Create the node array – 2 entries with the 2 nodes in the cluster with the least available space.
node=(`
Run Simplivity command as root to determine which nodes lack space, this will include space remaining (as opposed to consumed).
sudo /var/tmp/build/dsv/dsv-balance-show --ShowNodeIndex
Add a space between digits of storage and label of storage, and convert TB to GB by removing the decimal point and adding a zero
| sed 's/\(.B \)/ \1/;s/\.\([0-9][0-9]\) TB/\10 GB/'
Find the lines with only details about the nodes (throw out the headers) and only print the IP address and the storage consumed (the label above is now discarded).
| awk '/^\| Node [0-9]/ {print $3,$15}'
Sort numerically by storage consumed in descending order.
| sort -nr +1
Print the last 2 entries and reset the node number so that it counts from 1 – the output from the earlier Simplivity command depending on retired equipment, might not start from 1. (Unsure how this behaves if run on a cluster with less than 1 host – but one would not need to run this script if there was only 1 host).
| awk 'BEGIN {z=10^6}{b=a;a=$1;if ($1 < z) {z=$1}} END {print a-z+1,b-z+1}'
This completes the array. The contents of the array are 2 numbers reflecting the nodes which have the least space available.
`);
Set the datacenter and cluster variables. This is a lot of code to include what is already known, but will reduce human error of misspellings. Set the “cl” array (cluster).
cl=(
`
Run the Simplivity command to show all the nodes in the federation.
svt-federation-show
Find only the lines that include nodes. Given the output from above, if the datacenter field (#3) is empty, print what was in the line before and if the cluster field (#4) is empty, print what was in the line before. Finally, only print datacenter, cluster, and management IP.

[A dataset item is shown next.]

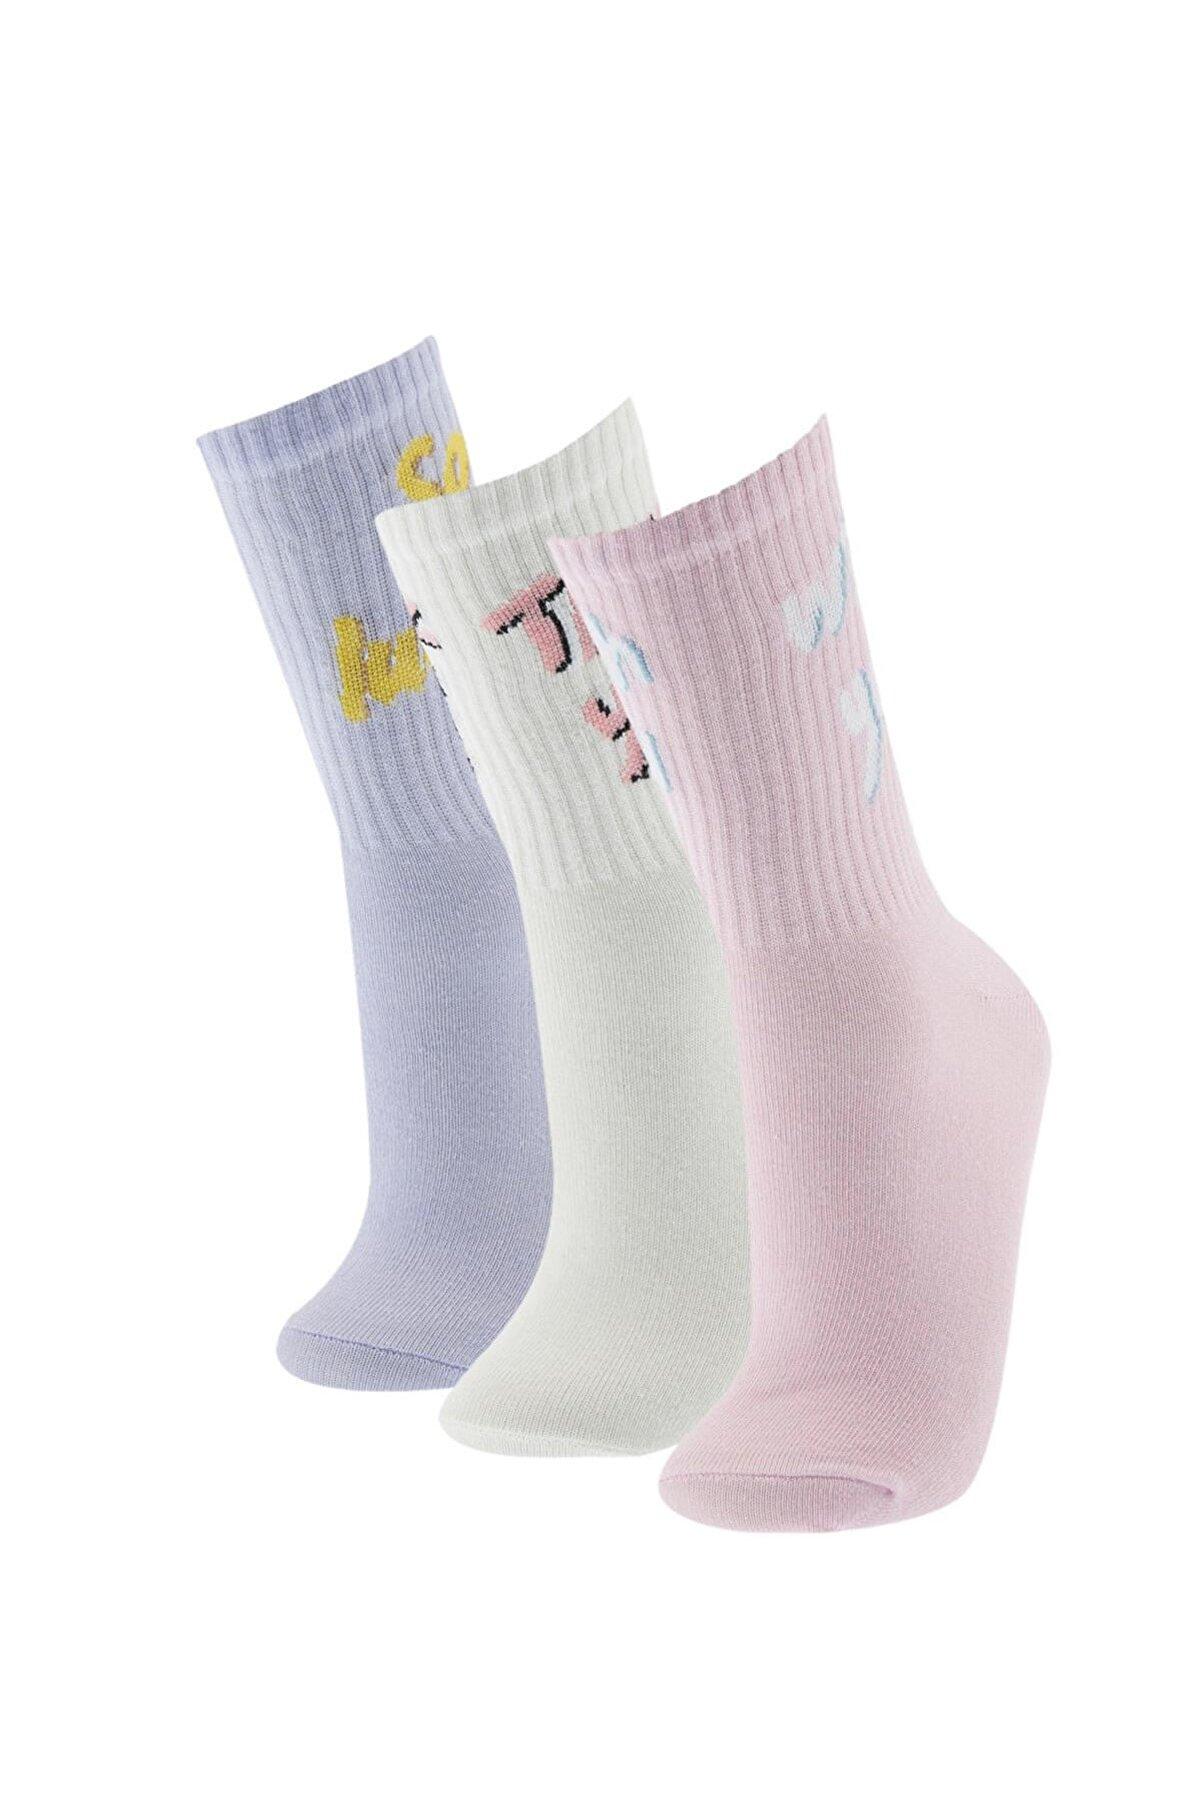 Defacto Kadın Çok Renkli Desenli 3'lü Soket Çorap T7539AZ21SP

| awk -F"\| " '/Alive/ {if ($3 ~ /^[a-zA-Z]/) {x=$3};{a=x} ; if ($4 ~ /^[a-zA-Z]/)
{y=$4};{b=y} ; print a,b,$9}'
Search the output of the above, with output of what follows.
| grep \`
Determine the IP of the management IP of this OVC.
ifconfig eth0 | awk '/inet/ {print $2}'\`
Finalize the array with datacenter, cluster, and IP (the latter won’t be used).
`) ;
Run the Simplivity command to list the VMs and add the datacenter and cluster information so that it can run unattended, dump the output to /dev/null, as an output file will be left behind.

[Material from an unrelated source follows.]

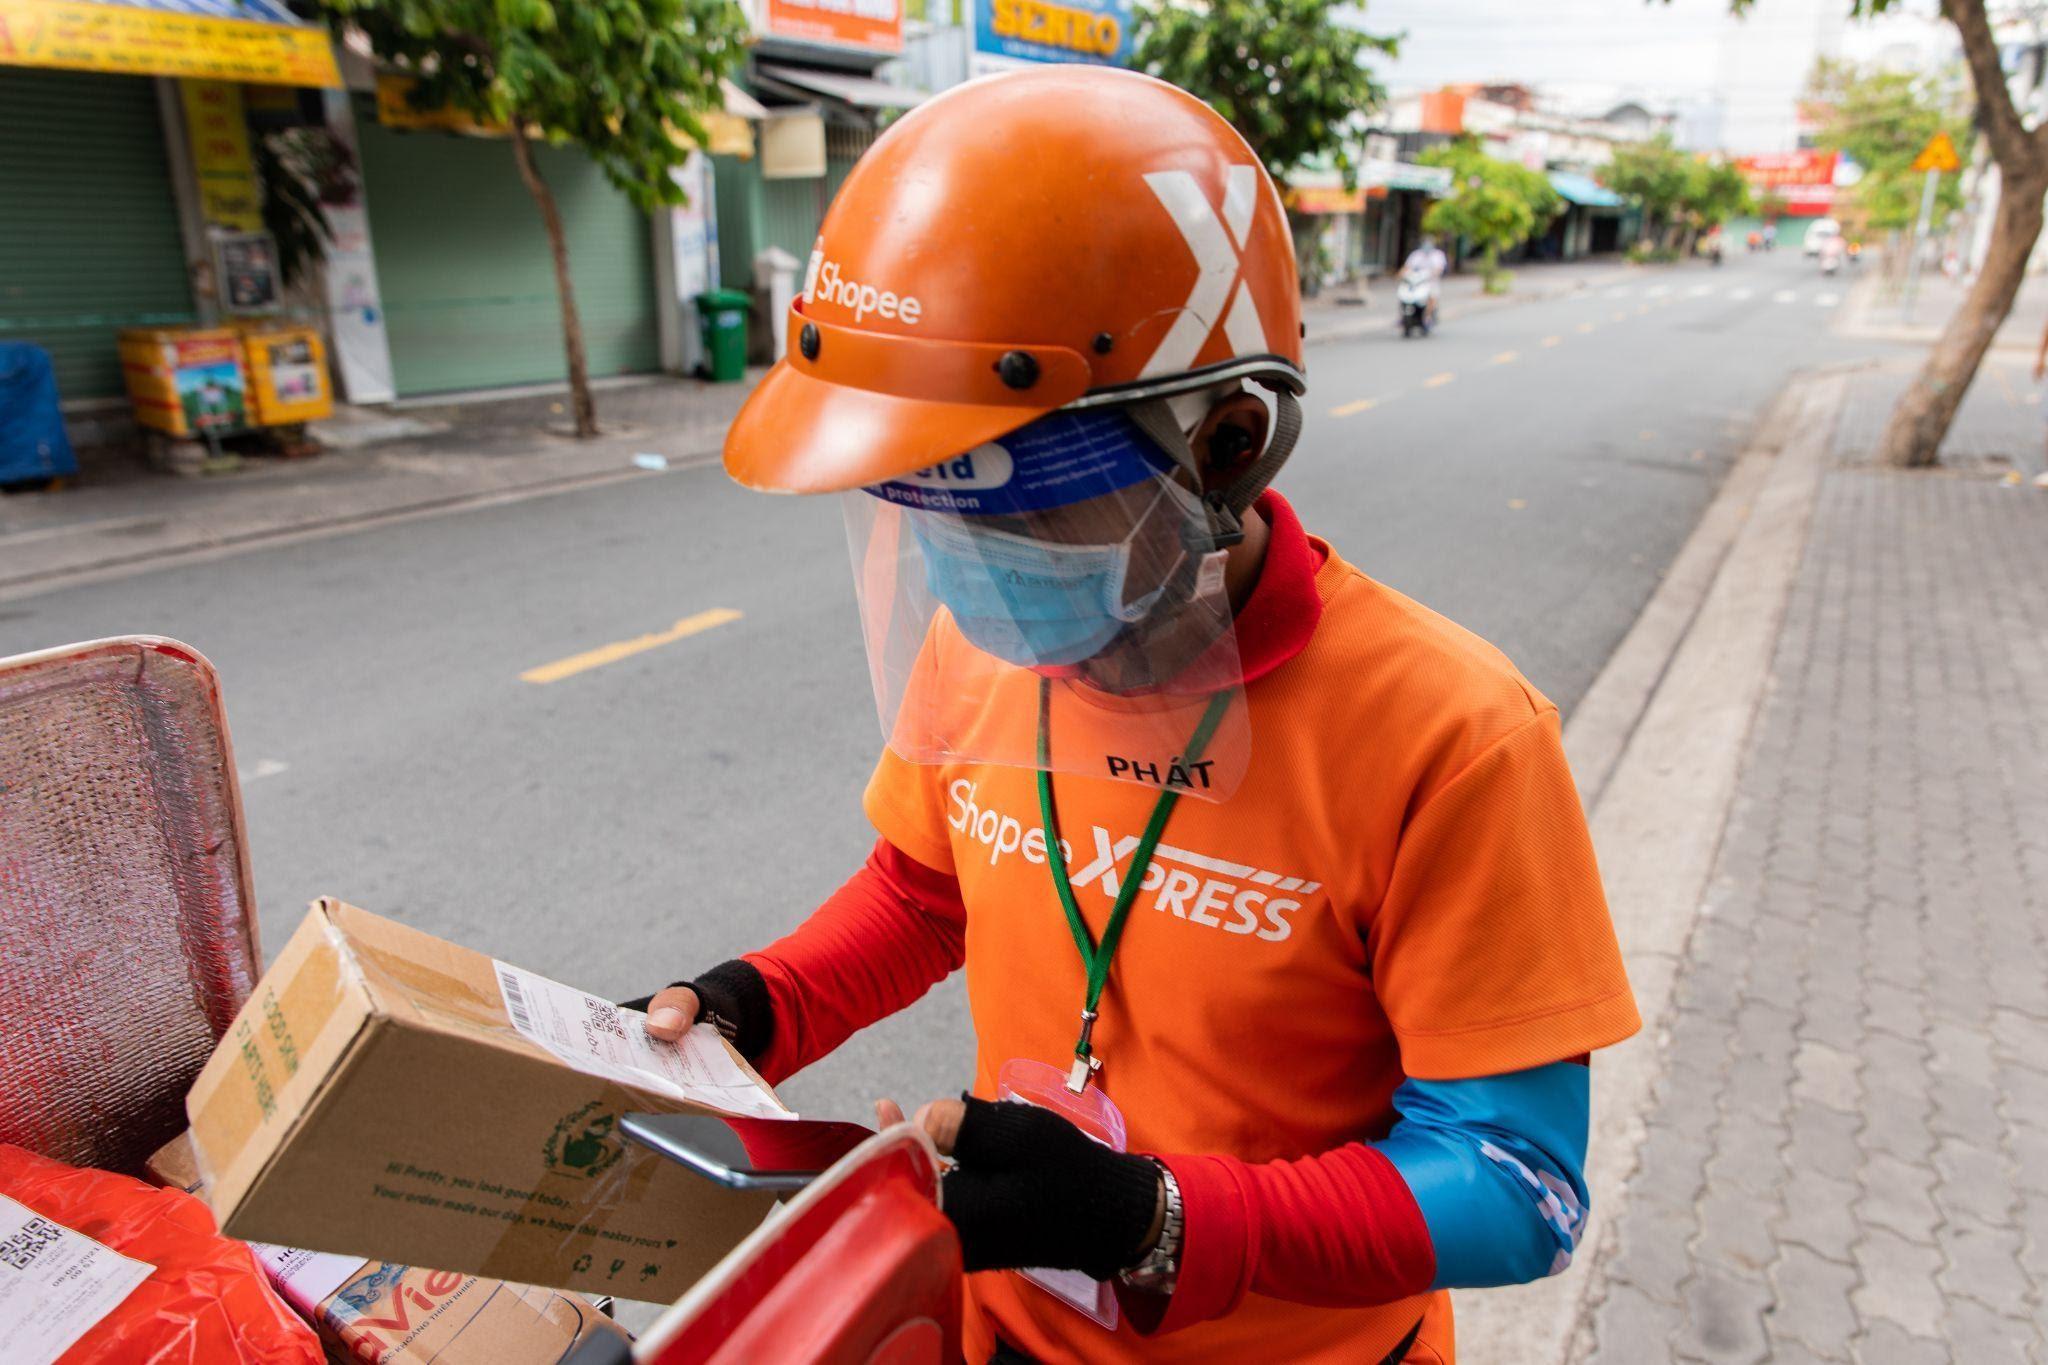 Shopee nỗ lực giao hàng trong mọi tình huống giãn cách tại TP HCM và các khu vực khác trên cả nước

sudo /var/tmp/build/dsv/dsv-balance-manual –datacenter ${cl[0]} –cluster ${cl[1]} > /dev/null ;
sudo /var/tmp/build/dsv/dsv-balance-manual --datacenter ${cl[0]} --cluster ${cl[1]} > /dev/null ;
Parse the output file: /tmp/balance/replica_distribution_file_<cluster name>.csv Use the 2 variables, m & n, to represent the 2 nodes to search for. The CSV is offset by 2 other data points before the node data is included and a “p” or “s” for primary or secondary copy. The number of nodes will determine the number of columns. The 2nd to last column is the VM name shown by $(NF-1). The 3rd to last column is the VM size.
awk -F, -v n=${node[0]} -v m=${node[1]} '/\]/ {offset=2 ; if (($(n+offset) ~ /s|p/) && ($(m+offset) ~ /s|p/)) print $(NF-2),$(NF-1)}' /tmp/balance/replica_distribution_file_${cl[0]}.csv
Then sort the output numerically in ascending fashion, so the largest VMs are at the bottom.
| sort -n
Given all this, it could be scripted to look cleaner and could be made more tidy.